- _Task description_
Set down each line of the data exactly, but not the pictures.

- _Source data_

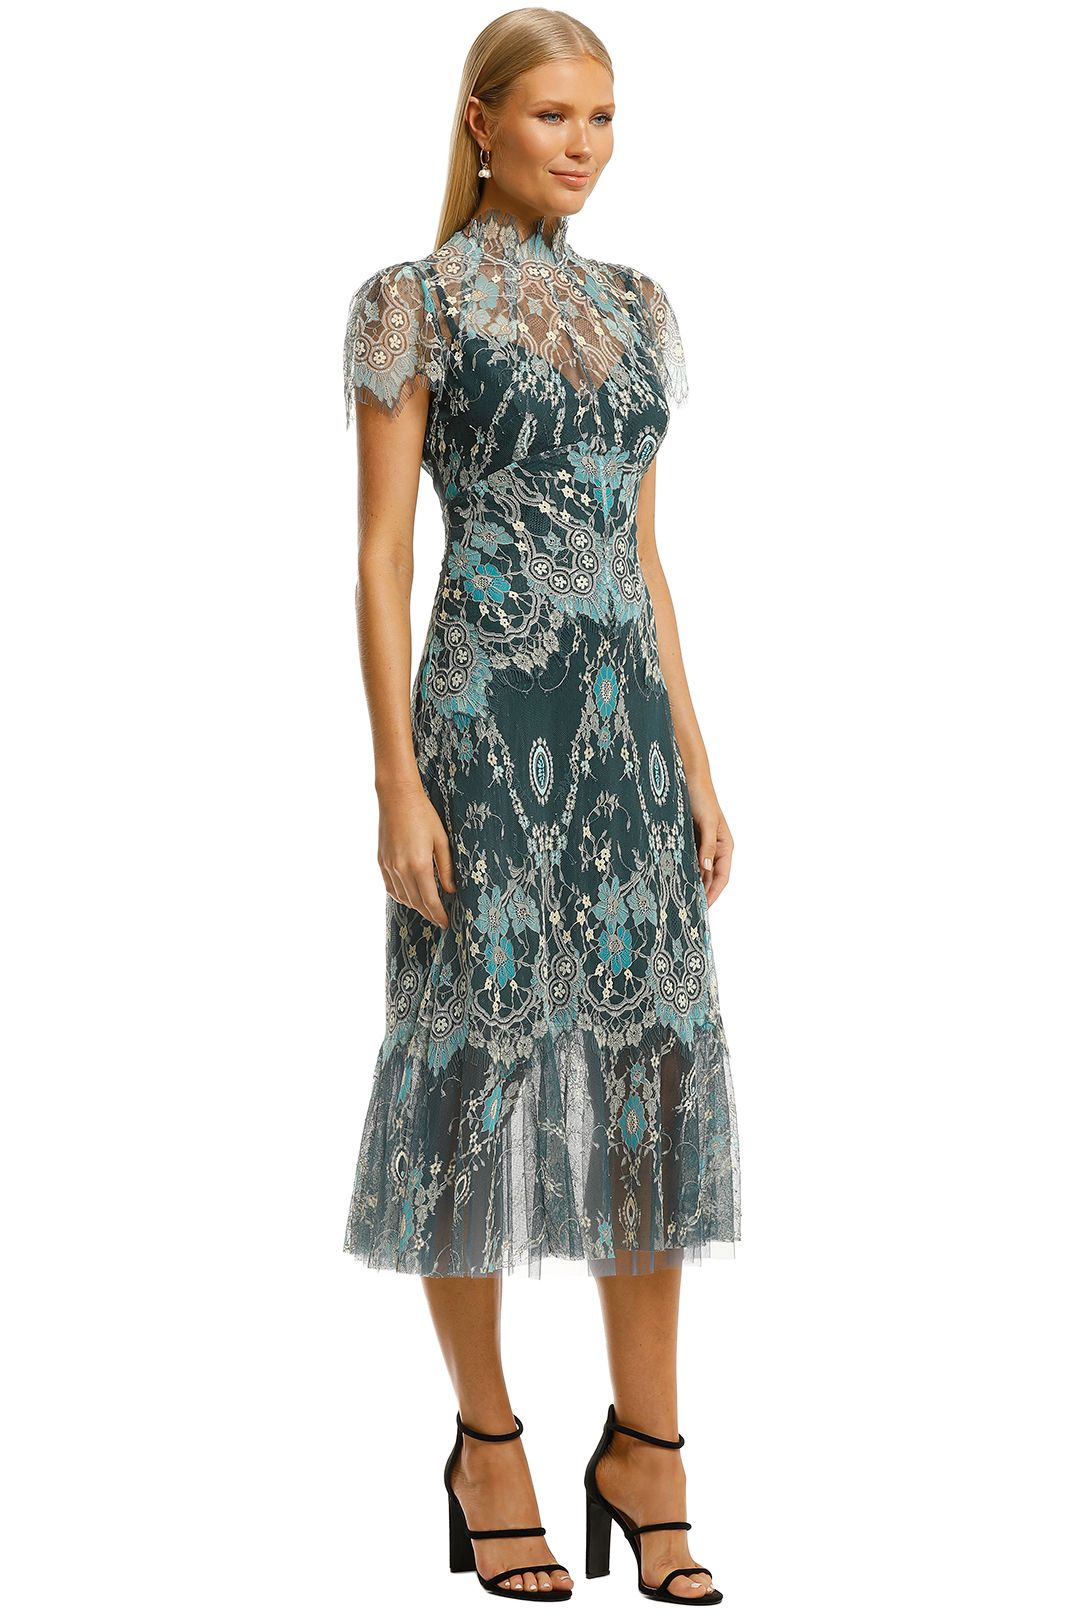 Moss-and-Spy-Cynthia-High-Neck-Dress-Blue-and-Green-Side
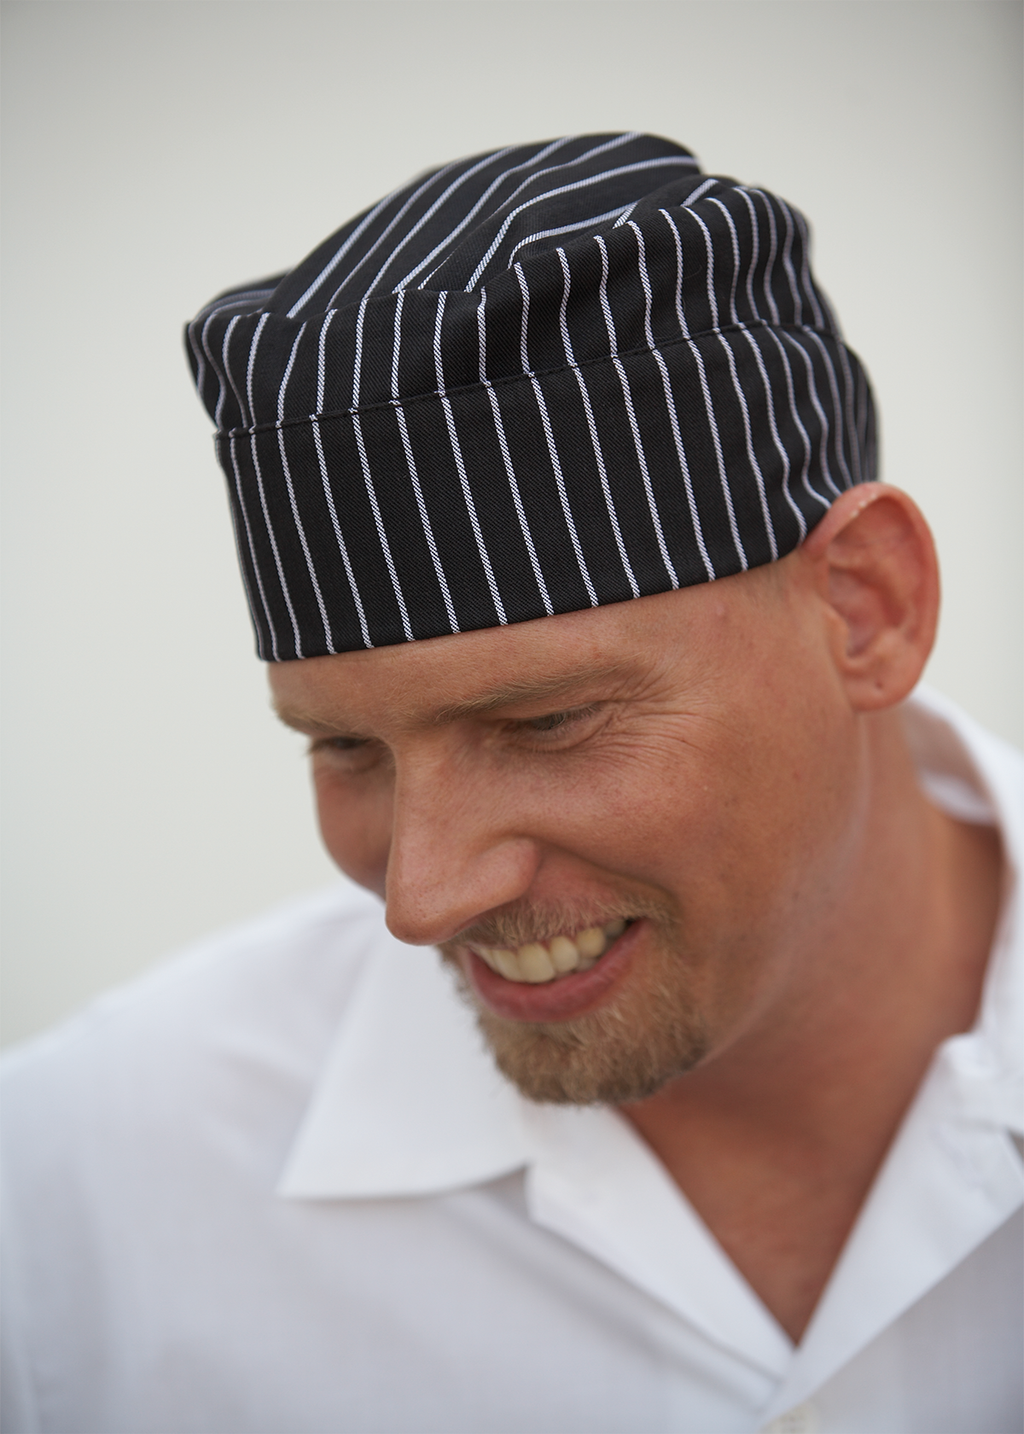 Product - Gangster Stripe Pillbox MOBB Chef Hat - Featured Image
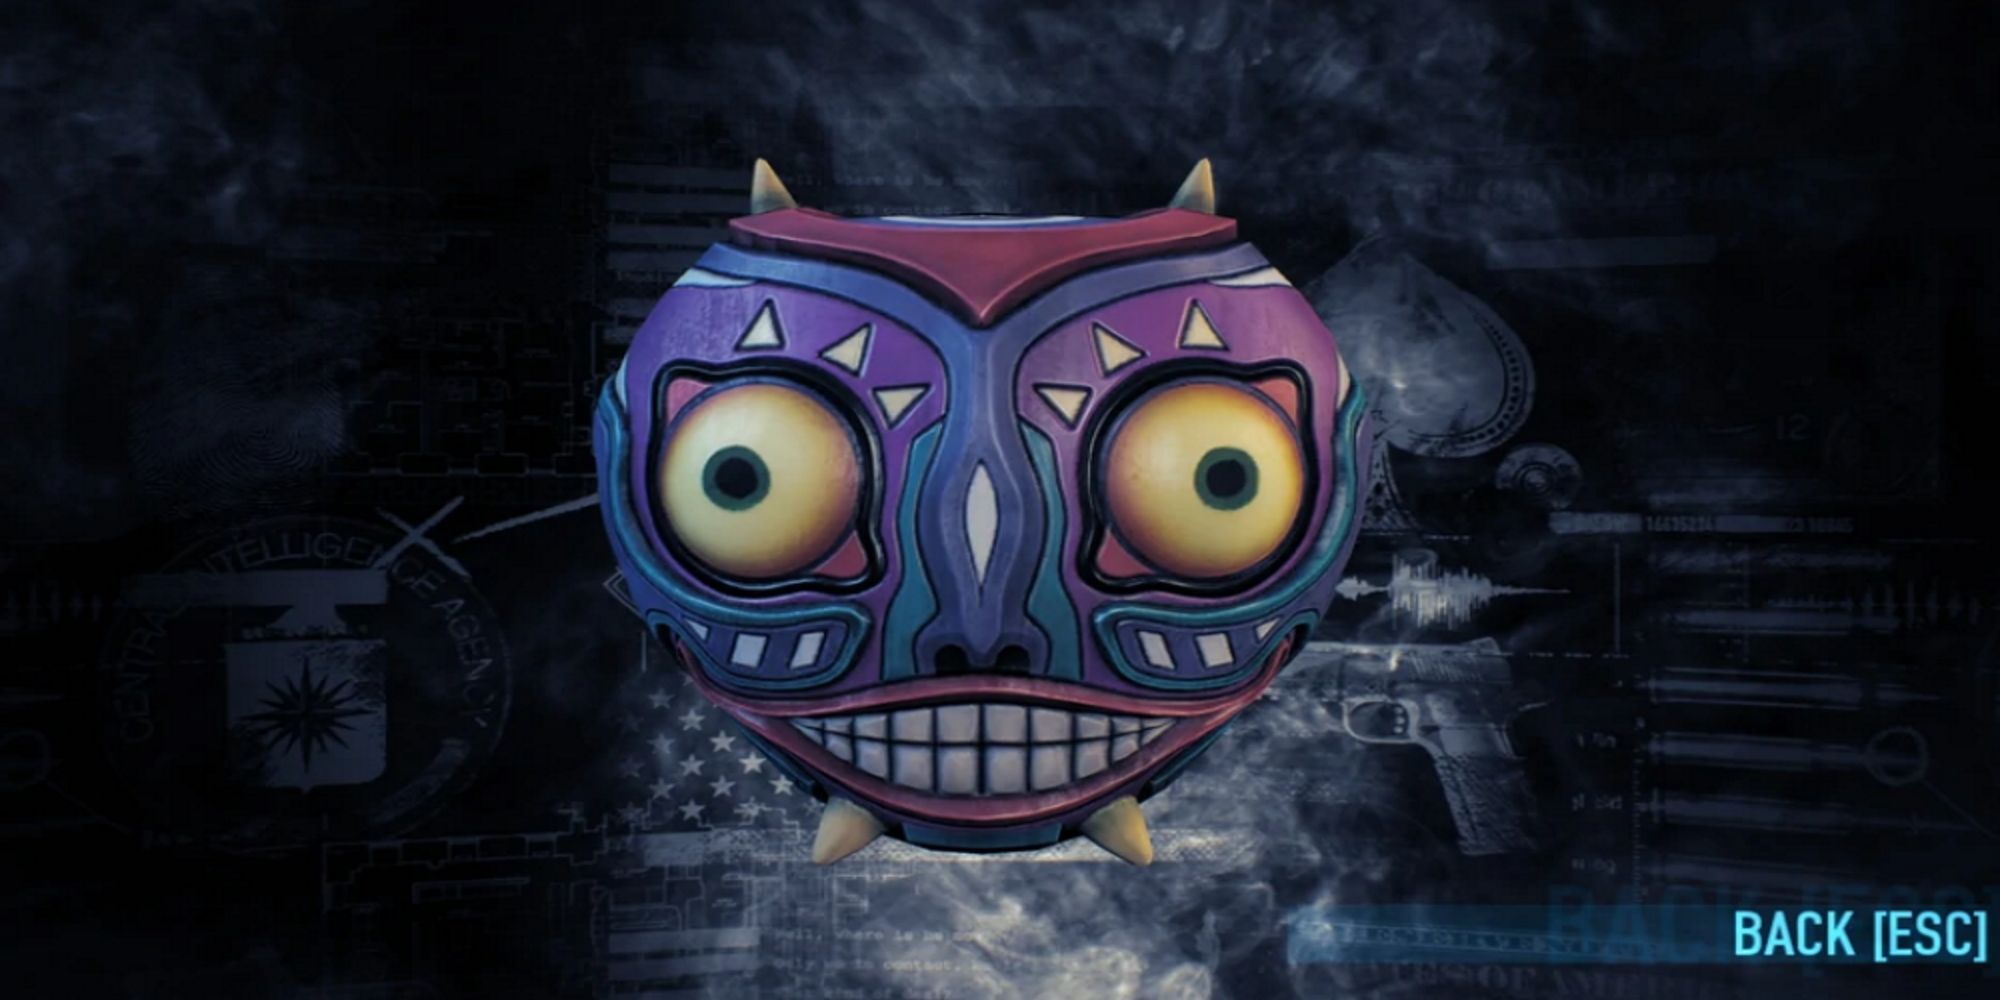 Mask of the Moon mask from PAYDAY 2
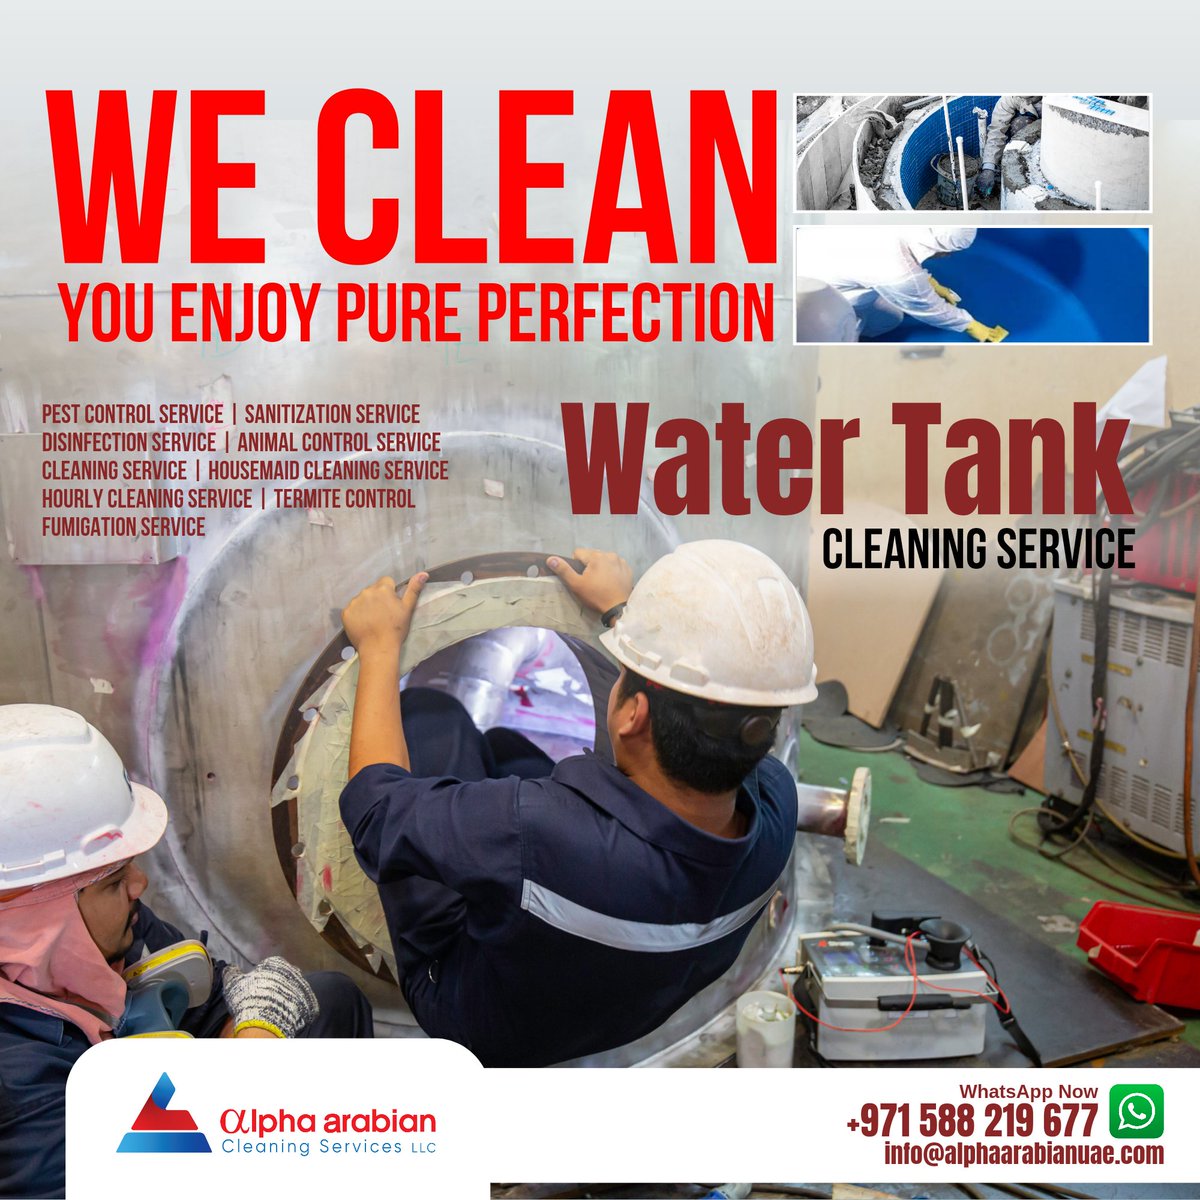 Experience the sparkle and shine with Alpha Arabian top-notch water tank cleaning service! 
 Call: +971588219677 or Log on to: alphaarabianuae.com/water-tank-cle…

#watertankcleaning #watertankcleaningservice #sintextank #watercleaning #cleaningservices #cleaningservicedubai #dubai

- _Result of the task_
 Moss-and-Spy-Cynthia-High-Neck-Dress-Blue-and-Green-Side
 Product - Gangster Stripe Pillbox MOBB Chef Hat - Featured Image
 Mask of the Moon mask from PAYDAY 2
 Experience the sparkle and shine with Alpha Arabian top-notch water tank cleaning service! 
 Call: +971588219677 or Log on to: alphaarabianuae.com/water-tank-cle…

#watertankcleaning #watertankcleaningservice #sintextank #watercleaning #cleaningservices #cleaningservicedubai #dubai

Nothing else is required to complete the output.